Volendo entrare nel dettaglio delle patologie specifiche sopracitate, lo shopping compulsivo on-line, comunemente descritto in letteratura come un disturbo caratterizzato da un impulso incontrollabile e da una tensione crescente alleviata solo comprando, presentandosi fin dal principio come qualcosa di divertente e piacevole, vede la sua escalation patologica proprio nel non poterne più fare a meno. La manovra elettiva fa infatti leva proprio sul rendere sgradevole una cosa piacevole: viene infatti solitamente chiesto al paziente di spendere obbligatoriamente e quotidianamente una piccola somma di denaro in acquisti on-line. Il  rituale piacevole così trasformato in tortura giornaliera viene solitamente pian piano abbandonato nel corso della terapia.

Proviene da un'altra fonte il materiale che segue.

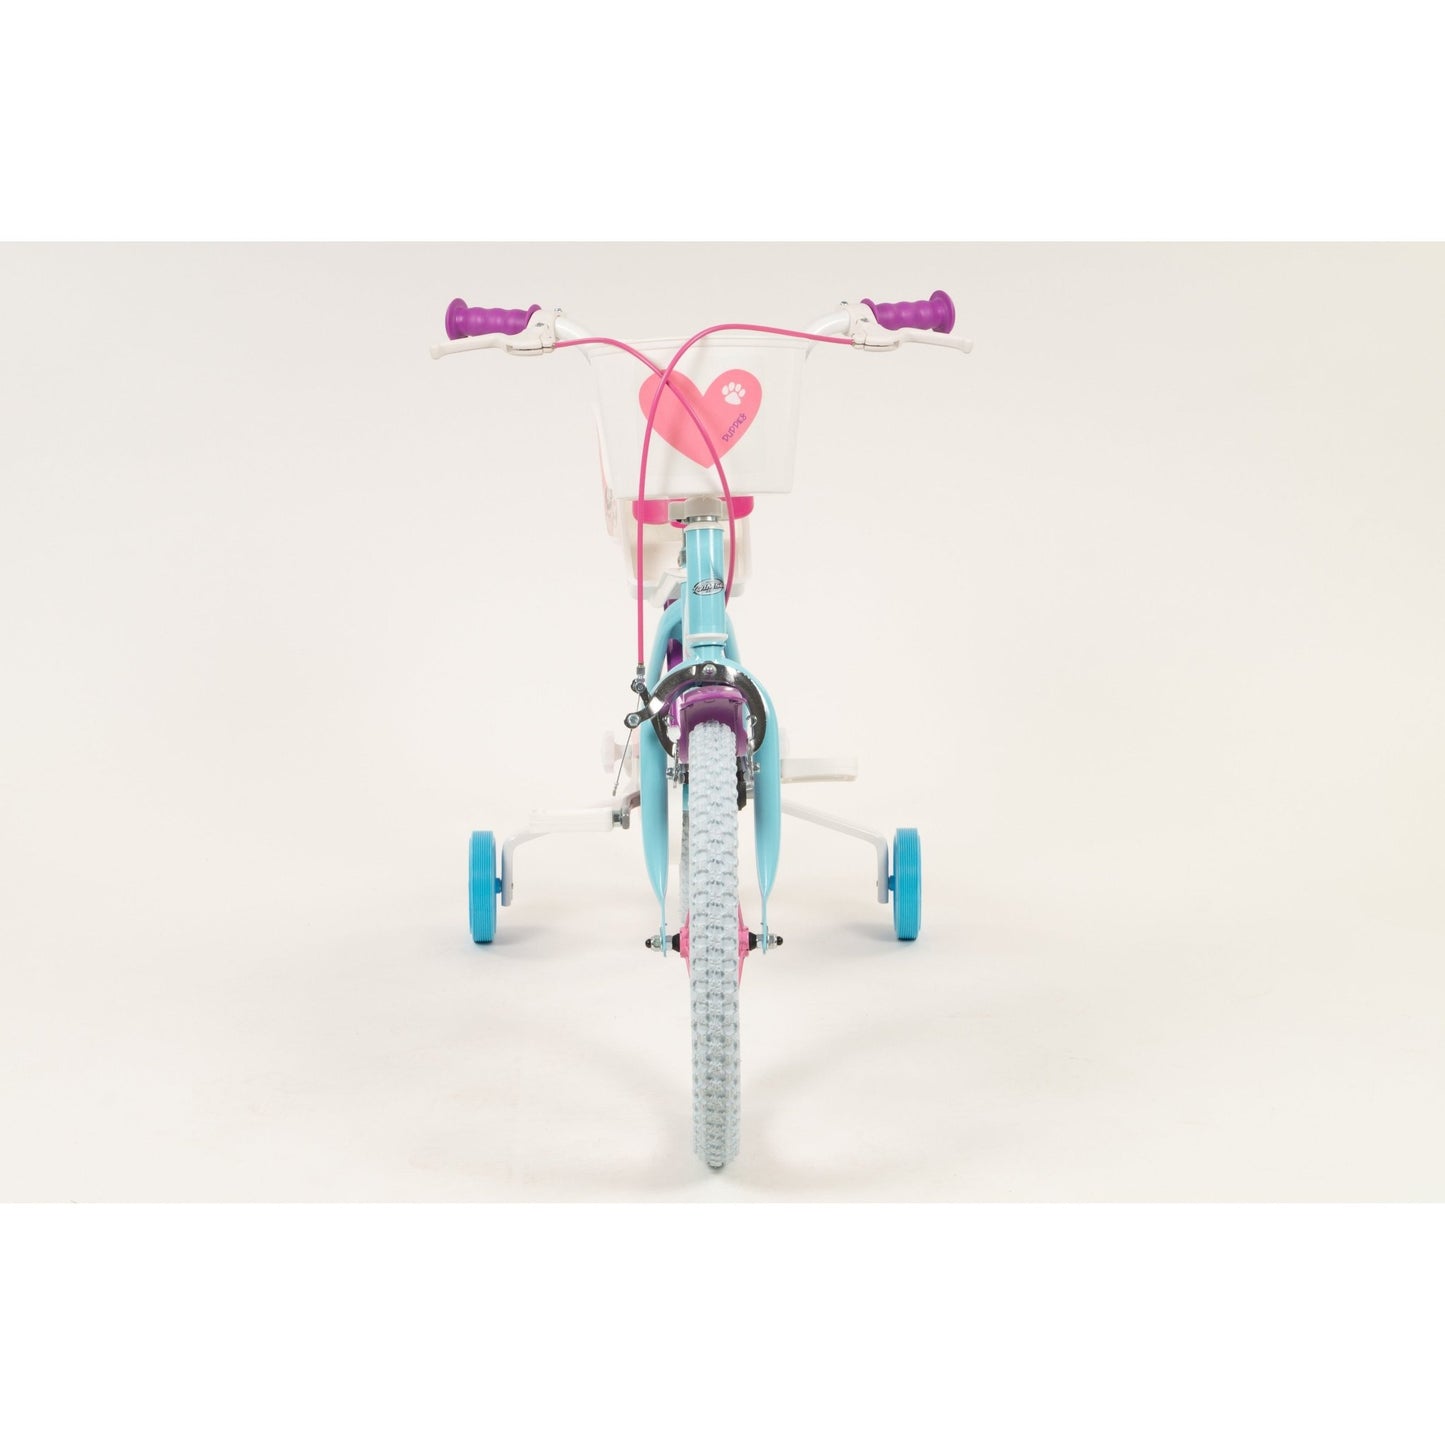 Pets Childrens Bicycle - Available in 3 Sizes - The Online Toy Shop - Bicycle - 12

L’on-line gambling (scommesse in rete) con l’avvento di Internet può riguardare chiunque. Se infatti un tempo l’immagine del giocatore ci faceva pensare a Dostoevskij o a De Sica, oggi il giocatore d’azzardo patologico può essere un ragazzino del liceo, un impiegato, un anziano in pensione ecc.. Il gioco d’azzardo in Rete può infatti rappresentare un problema sia per chi ha scoperto l’ebrezza del gioco grazie a Internet, sia per chi, già da prima, frequentava luoghi dediti a scommesse. Internet infatti ne facilita l’accesso e ne amplifica il godimento. Come nello shopping, rendere sgradevole, obbligando il paziente ad una piccola scommessa quotidiana, diviene la chiave di volta della terapia che però, a differenza del caso precedente, dovrà spesso poi procedere alla ricostruzione del livello affettivo-relazionale, solitamente danneggiato dalla patologia.

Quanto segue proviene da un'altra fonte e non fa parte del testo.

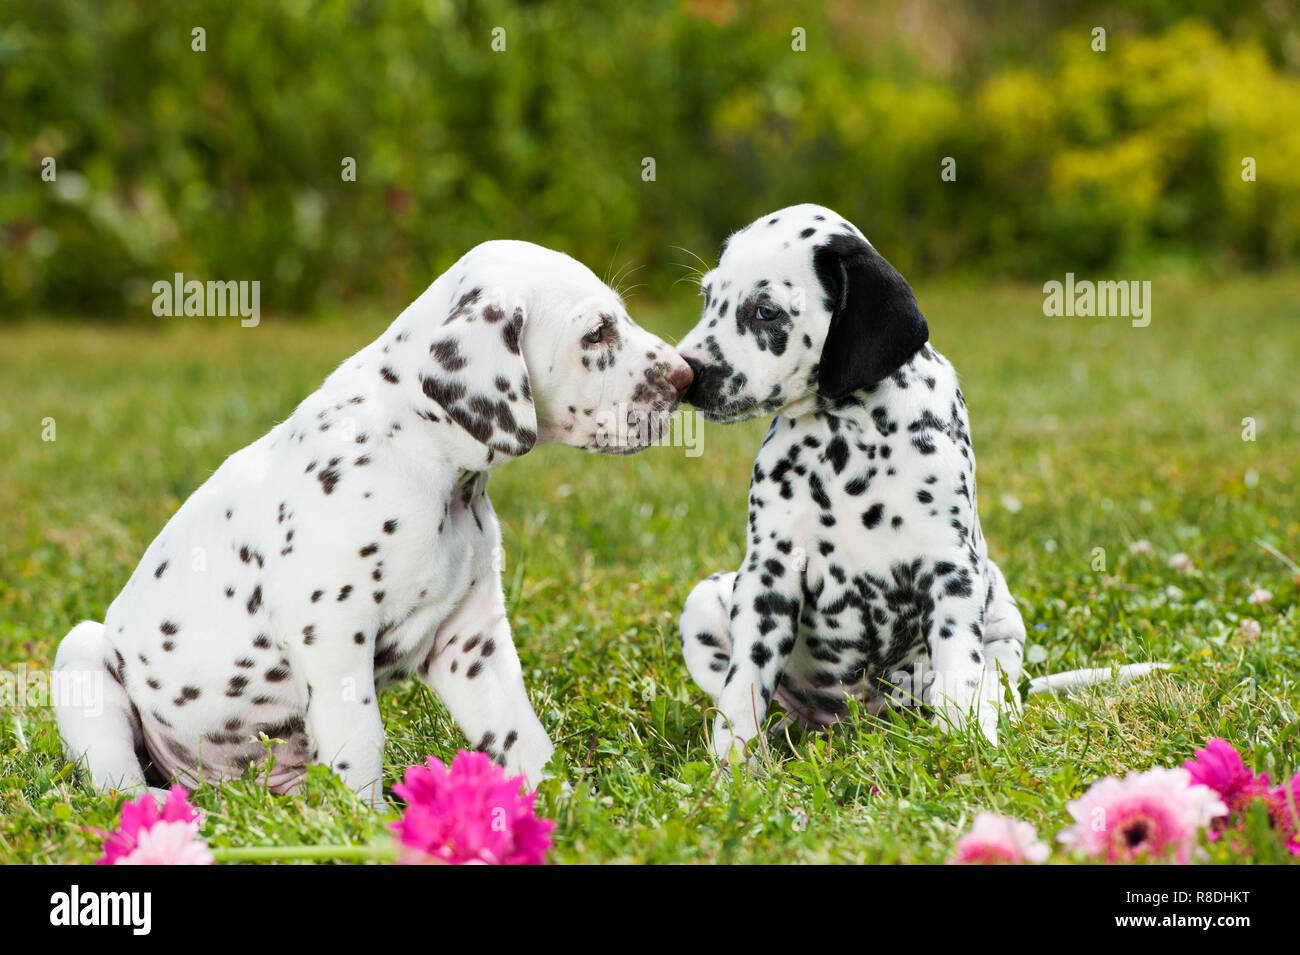 Page 3 Dalmatian Dog Puppies High Resolution Stock Photography And Images Alamy

Come nella maggior parte delle cose, nemmeno le psicopatologie sono esenti da pregiudizio. Essendo il gioco in borsa (trading on-line) un’attività che richiede capacità e competenze da non essere alla portata di chiunque, pare non essere considerato un problema nemmeno in evidenti casi di perdita di controllo. Lo stato d’animo del “trader” patologico oscilla costantemente tra due estremi: paura e avidità. La paura è legata alla perdita della somma di denaro investita, ma viene scalzata dall’ansia di perdere un buon affare. Il superamento della paura crea quel giusto grado di eccitazione che, uniti alla possibilità, spesso raggiunta, di guadagnare ingenti somme di denaro, sfociano nell’irrazionale.

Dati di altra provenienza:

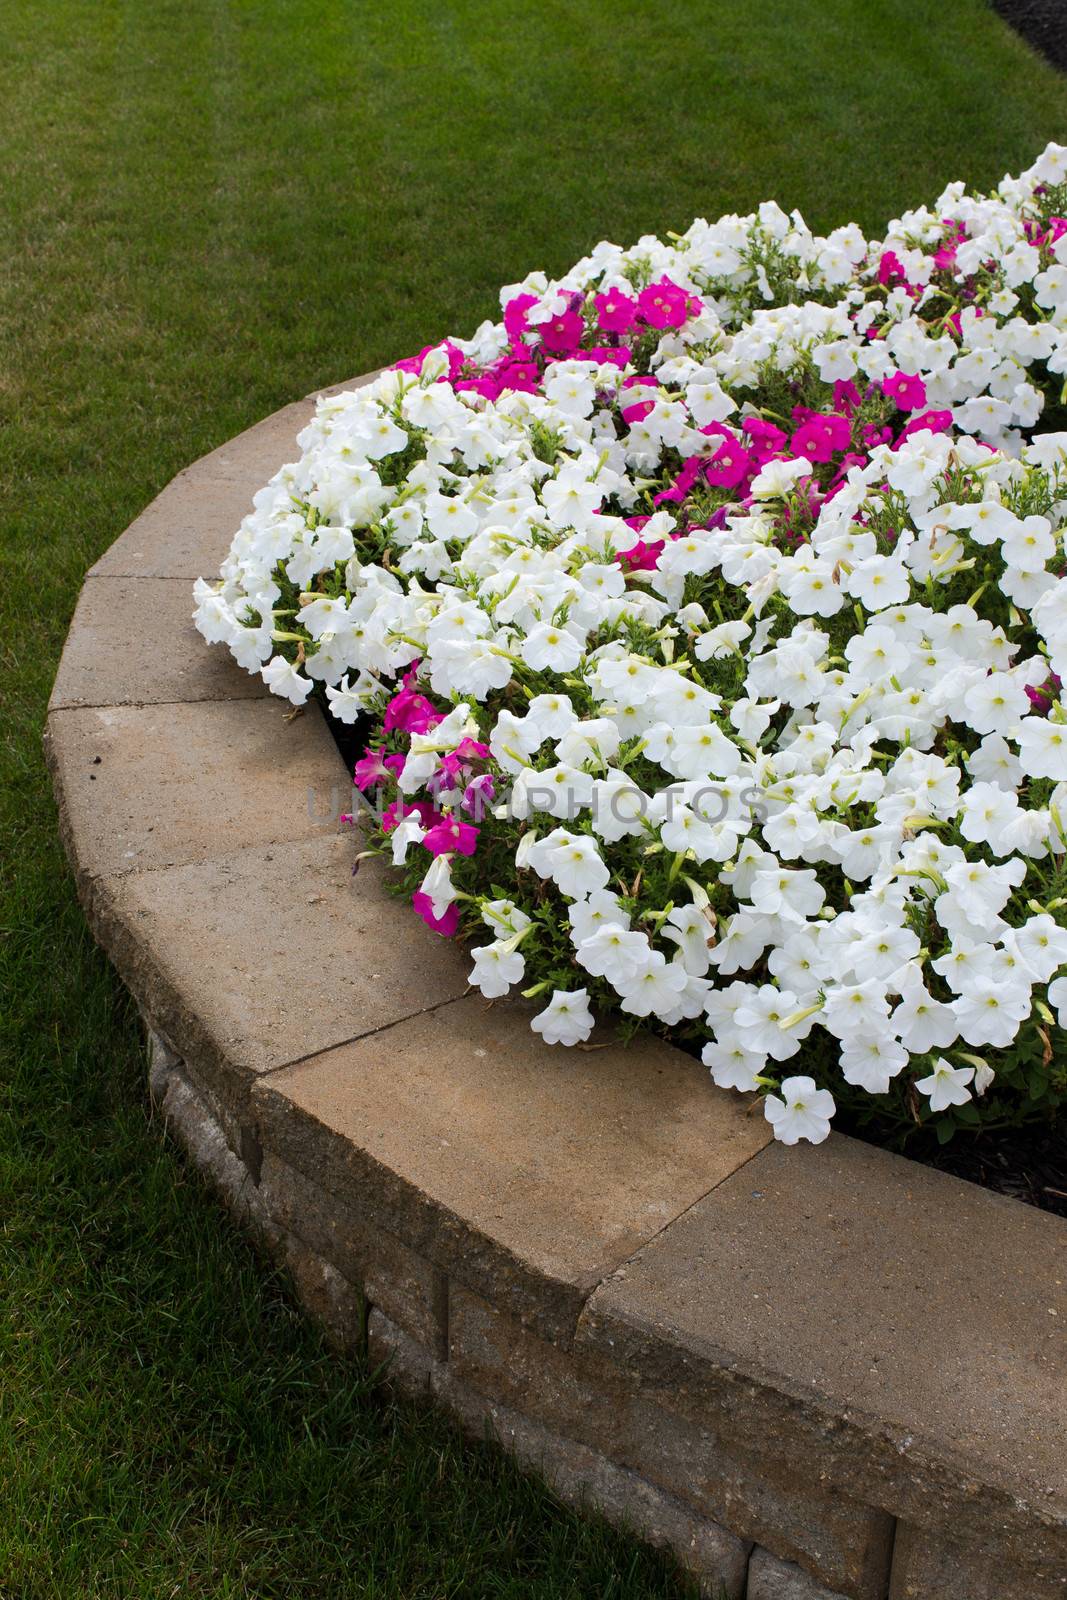 White and some pink petunias are on the brick retaining wall

Qui, la “vittoria” assume significati legati alle proprie capacità e competenze ben più importanti della semplice fortuna, avendo come conseguenza una sensazione di onnipotenza. Internet, nel contempo, aumenta la sensazione di controllo della realtà, monitorata infatti 24 ore su 24. Ci sono quindi in questo caso due versanti del disturbo: quella del piacere e quella del controllo che fa perdere il controllo e su entrambe occorre lavorare contemporaneamente, tenendo presente che i pazienti arrivano in terapia solo a danno fatto.

Dott.ssa Federica Cagnoni (Psicoterapeuta Ufficiale del Centro di Terapia Strategica)

BIBLIOGRAFIA
Nardone, G., Cagnoni, F. (2002) Perversioni in rete, psicopatologie da Internet ed il loro trattamento, Ponte alle Grazie.